Ad servers like Google Ad Manager decide which ad appears on a page; exchanges like Google’s AdX and independent SSPs run auctions to secure bids from multiple buyers; and demand-side platforms aggregate advertiser budgets. When one company sits across these layers, rivals argue, it can tilt auctions through preferential access, data advantages, or unique auction rules.

Header bidding—a publisher-led innovation later standardized via Prebid—was designed to counter those advantages by running simultaneous auctions across many exchanges. Publishers widely reported mid–single-digit to low double-digit revenue uplifts after adopting header bidding, an indicator, independents say, that prior auction mechanics favored Google’s pipes. In the Texas-led state case against Google, filings referenced internal programs and auction tweaks that allegedly disadvantaged non-Google demand, adding fuel to broader antitrust concerns.

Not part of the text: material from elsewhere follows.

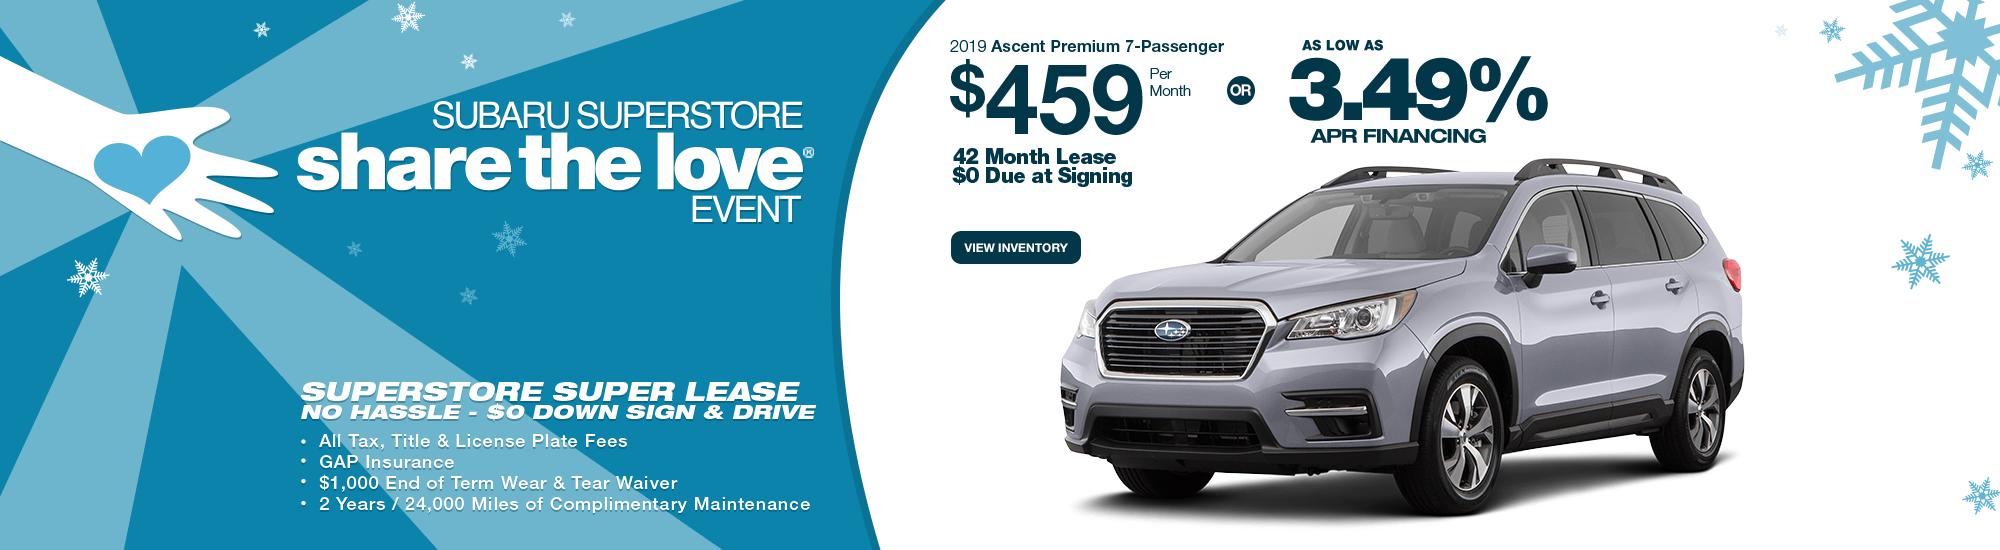 New 2019 Subaru Ascent Lease Special & Finance Offers near Phoenix, AZ

PubMatic antitrust lawsuit against Google over adtech monopoly

Who pays the price: publishers and advertisers

Programmatic supply chains are complex, and fees add up. The ISBA and PwC’s well-known study of the programmatic market found material opacity in the flow of ad spend, including an “unknown delta” that could not be fully reconciled. Industry groups like the ANA have separately reported that a significant share of programmatic spend fails to reach high-quality inventory, underscoring why transparent, neutral auctions matter to both publishers and brands.

PubMatic’s damages theory rests on the idea that if auctions were fully open and neutral, publisher yields would have been higher and independent exchanges would have won more volume. Even small changes in take rates or clearing prices translate into billions across the open web, where display and video impressions are traded at enormous scale.

Google’s likely defense

Google has long argued that the adtech market is intensely competitive, with falling fees, rivals across every layer, and innovation—such as fraud detection and faster auctions—driven by integration. The company typically says publishers have ample choice and that tools like header bidding have been embraced within its ecosystem via Open Bidding, preserving competition while improving latency for users.

Expect Google to emphasize benefits to advertisers and publishers from unified platforms and to challenge causation on damages, arguing that any revenue shortfalls stem from market trends rather than exclusionary conduct. It will also likely contend that proposed remedies, particularly structural ones, could introduce fragmentation and degrade performance for the open web.

What to watch next

The remedies phase in federal court looms over every private lawsuit, including PubMatic’s. If the court orders divestitures—from AdX to portions of Google Ad Manager—it would redraw the competitive map overnight and validate the core theory behind PubMatic’s claims. If the court opts for conduct remedies, the devil will be in the details: data access, auction design, and enforcement mechanisms will determine whether independent exchanges can truly compete on equal footing.

Either way, PubMatic’s case underscores a broader shift: major adtech players are no longer waiting on regulators alone. They are going to court, armed with years of auction logs, market studies, and publisher testimony, to argue that the open web’s economics depend on breaking the grip of a single integrated stack.